For queries about this service, please contact Infrastructure at:
users@infra.apache.org


---------------------------------------------------------------------
To unsubscribe, e-mail: reviews-unsubscribe@spark.apache.org
For additional commands, e-mail: reviews-help@spark.apache.org

Re: [PR] [SPARK-47329][SS] Persist dataframe while using foreachbatch and stateful streaming query to prevent state from being re-loaded in each batch [spark]

Posted by "chaoqin-li1123 (via GitHub)" <gi...@apache.org>.

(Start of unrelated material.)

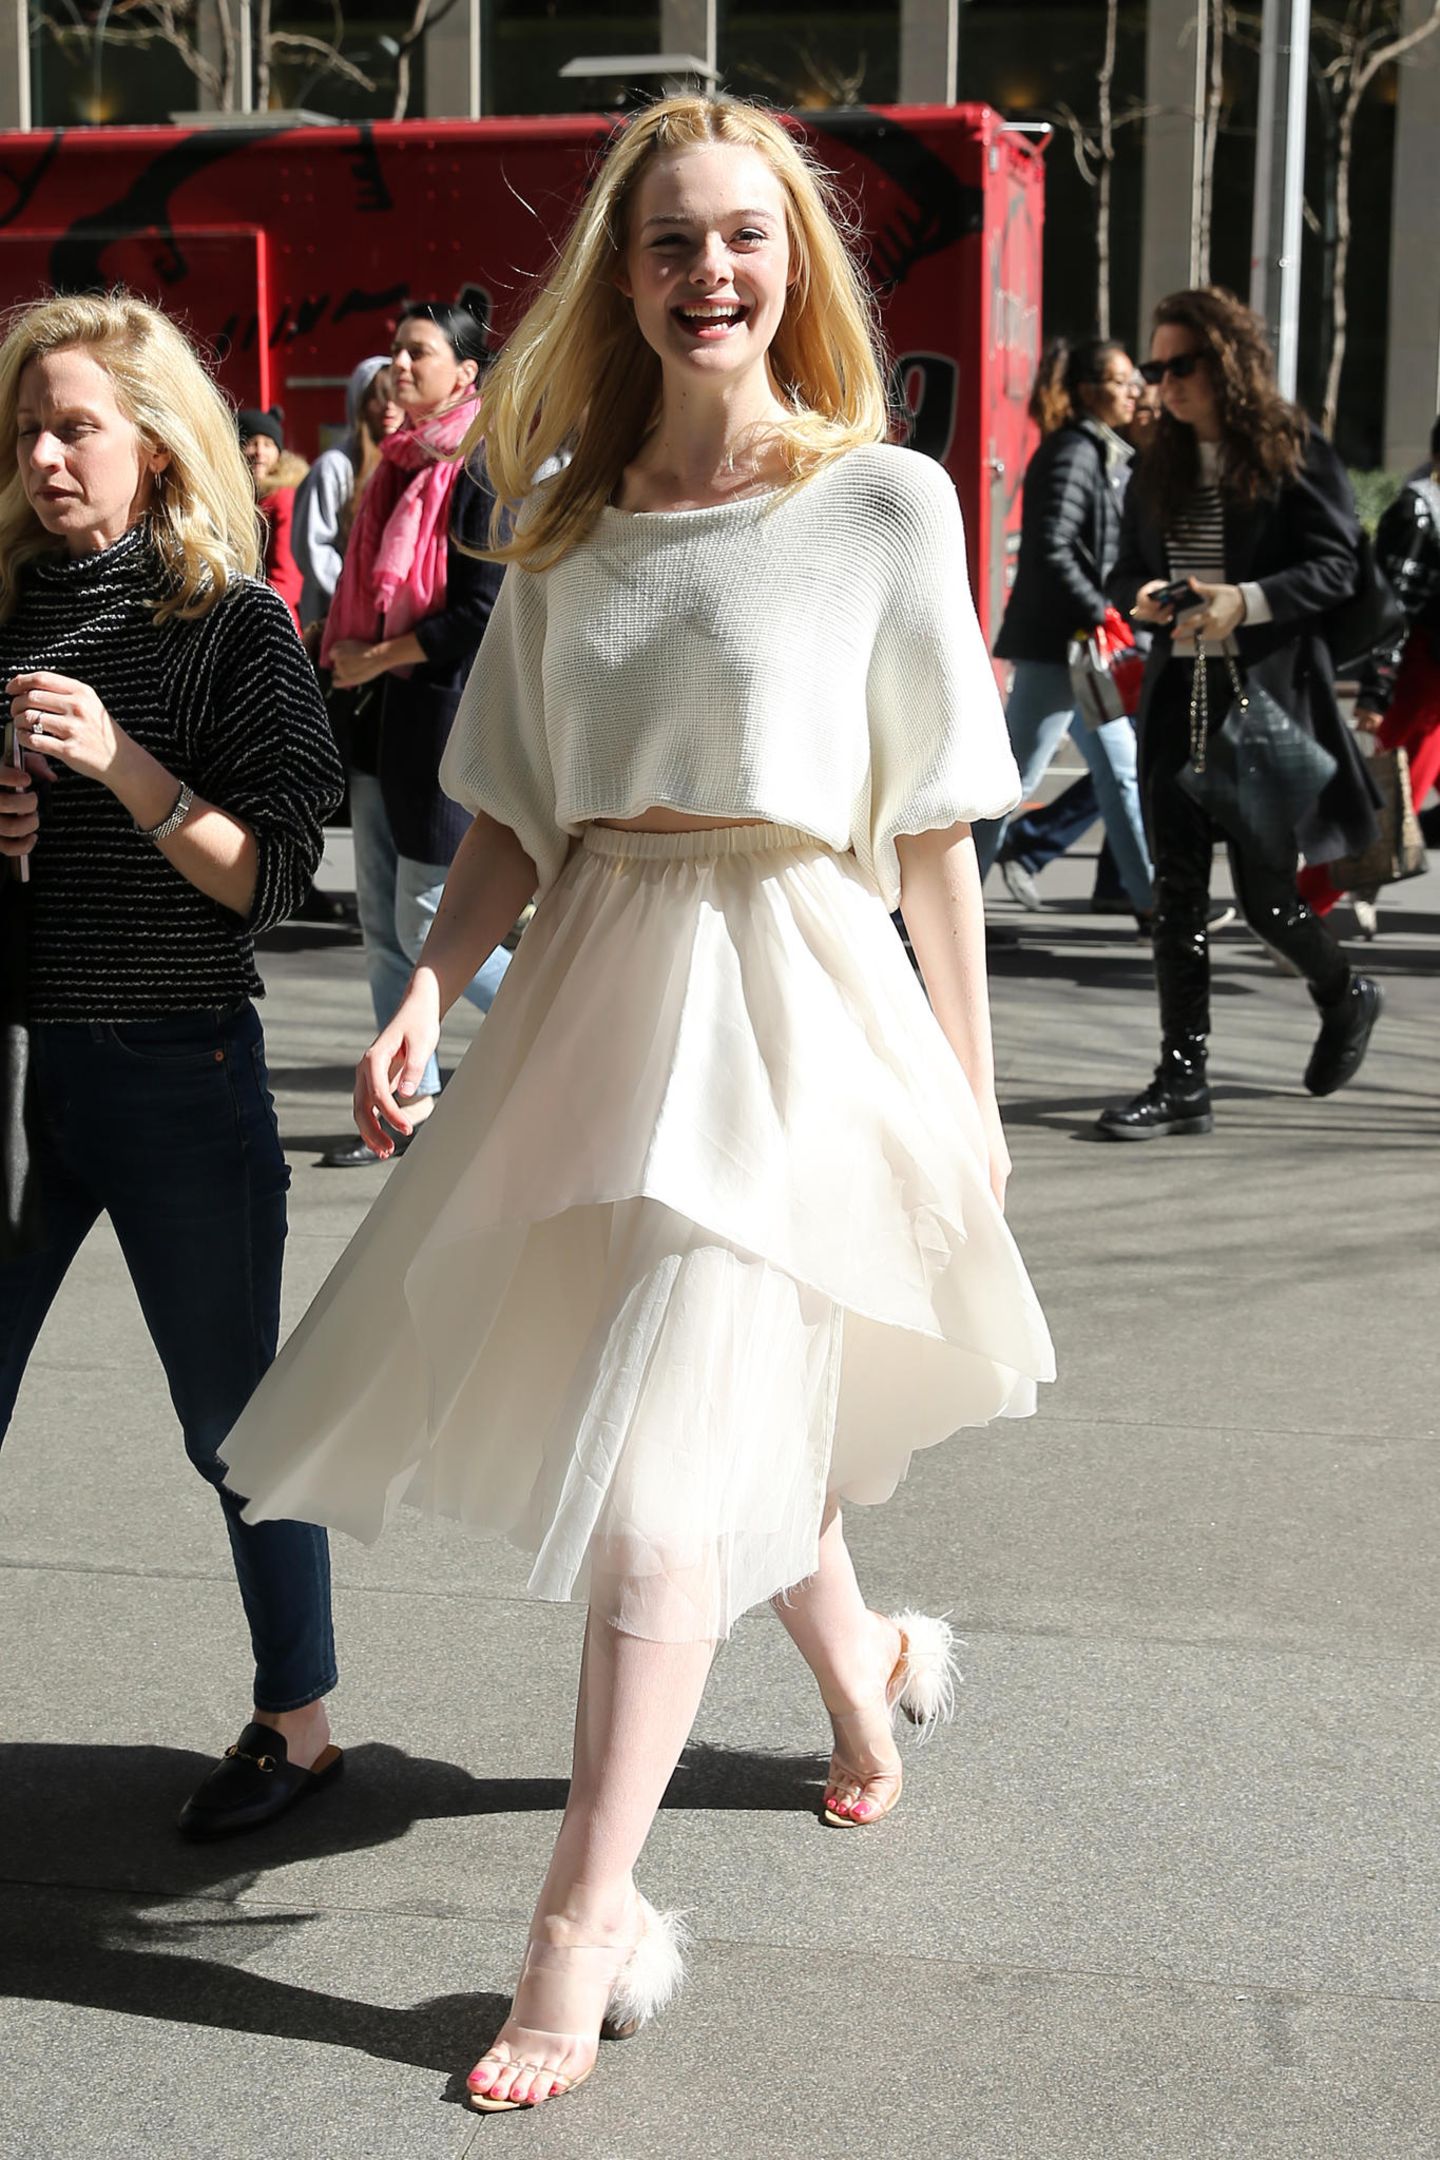 Kaum ist die Sonne raus, strahlt auch Dakota Fanning. Die Schauspielerin spaziert mit einem strahlenden Lächeln durch New York und präsentiert sich in einem komplett weißen Look. Durch ihren Porzellan-Teint gleicht sie schon fast einer elfenhafte Erscheinung. Wunderschön! 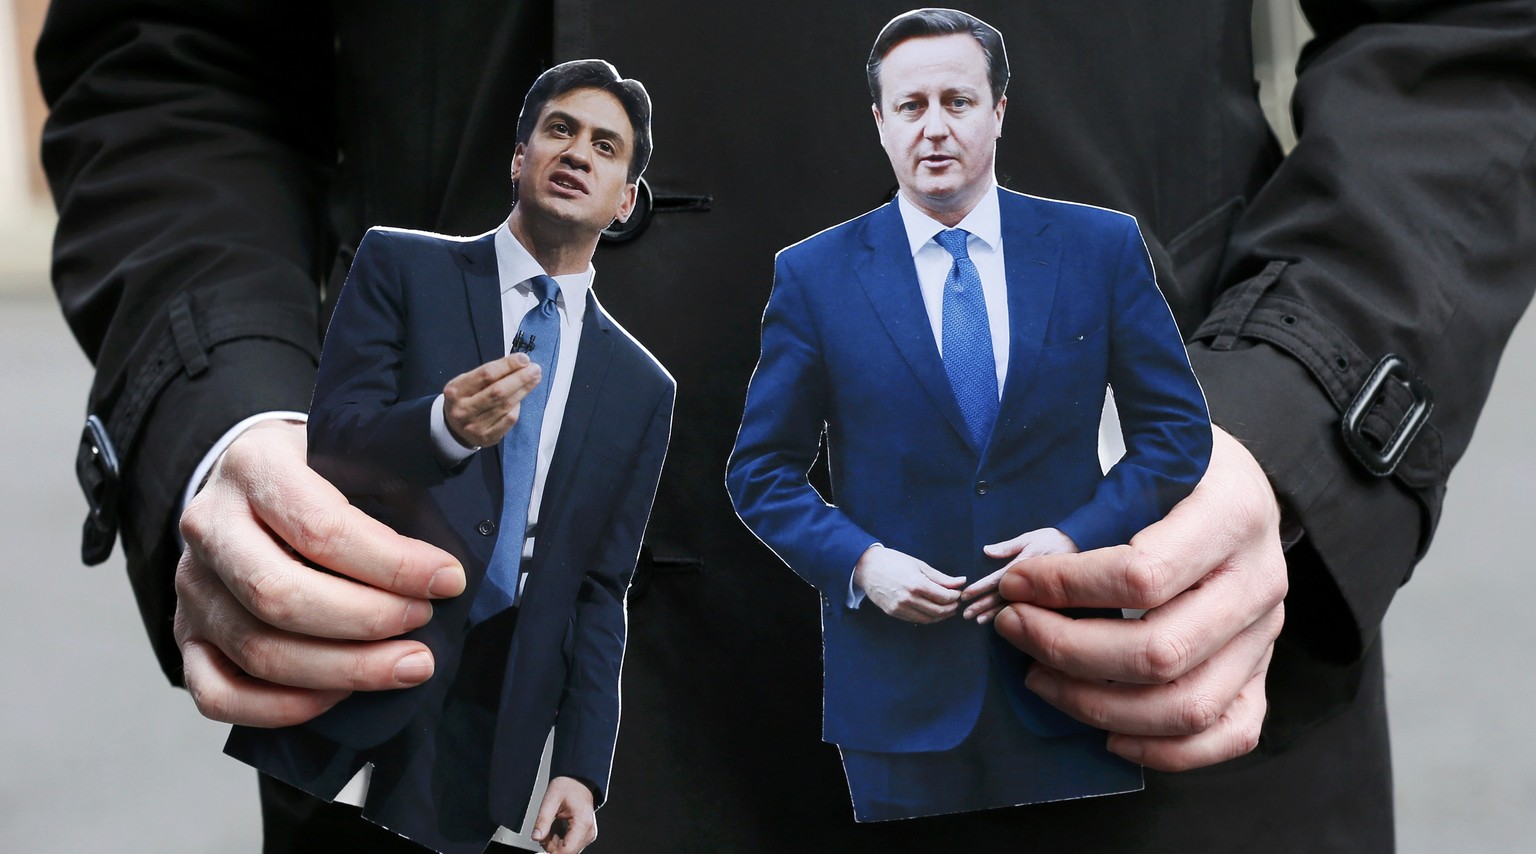 Wer wird Grossbritannien künftig regieren? Der bisherige Cameron oder Labor-Kandidat Miliband?

chaoqin-li1123 commented on code in PR #45432:
URL: https://github.com/apache/spark/pull/45432#discussion_r1522240457


##########
sql/core/src/main/scala/org/apache/spark/sql/execution/streaming/sources/ForeachBatchSink.scala:
##########
@@ -22,19 +22,38 @@ import scala.util.control.NonFatal
 import org.apache.spark.{SparkException, SparkThrowable}
 import org.apache.spark.sql._
 import org.apache.spark.sql.catalyst.encoders.ExpressionEncoder
+import org.apache.spark.sql.catalyst.plans.logical.{Aggregate, Deduplicate, DeduplicateWithinWatermark, Distinct, FlatMapGroupsInPandasWithState, FlatMapGroupsWithState, GlobalLimit, Join, LogicalPlan, TransformWithState}
 import org.apache.spark.sql.execution.LogicalRDD
 import org.apache.spark.sql.execution.streaming.Sink
 import org.apache.spark.sql.streaming.DataStreamWriter
 
 class ForeachBatchSink[T](batchWriter: (Dataset[T], Long) => Unit, encoder: ExpressionEncoder[T])
   extends Sink {
 
+  private def isQueryStateful(logicalPlan: LogicalPlan): Boolean = {
+    logicalPlan.collect {
+      case node @ (_: Aggregate | _: Distinct | _: FlatMapGroupsWithState
+                   | _: FlatMapGroupsInPandasWithState | _: TransformWithState | _: Deduplicate
+                   | _: DeduplicateWithinWatermark | _: GlobalLimit) if node.isStreaming => node
+      case node @ Join(left, right, _, _, _) if left.isStreaming && right.isStreaming => node
+    }.nonEmpty
+  }
+
   override def addBatch(batchId: Long, data: DataFrame): Unit = {
     val node = LogicalRDD.fromDataset(rdd = data.queryExecution.toRdd, originDataset = data,
       isStreaming = false)
     implicit val enc = encoder
     val ds = Dataset.ofRows(data.sparkSession, node).as[T]
-    callBatchWriter(ds, batchId)
+    // SPARK-47329 - persist the dataframe for stateful queries to prevent state stores
+    // from reloading state multiple times in each batch
+    val isStateful = isQueryStateful(data.logicalPlan)
+    if (isStateful) {
+      ds.persist()
+      callBatchWriter(ds, batchId)
+      ds.unpersist()

Review Comment:
   Shall we wrap this in try catch finally to avoid leaking the cache?



-- 
This is an automated message from the Apache Git Service.
To respond to the message, please log on to GitHub and use the
URL above to go to the specific comment.

To unsubscribe, e-mail: reviews-unsubscribe@spark.apache.org

For queries about this service, please contact Infrastructure at:
users@infra.apache.org


---------------------------------------------------------------------
To unsubscribe, e-mail: reviews-unsubscribe@spark.apache.org
For additional commands, e-mail: reviews-help@spark.apache.org

Re: [PR] [SPARK-47329][SS] Persist dataframe while using foreachbatch and stateful streaming query to prevent state from being re-loaded in each batch [spark]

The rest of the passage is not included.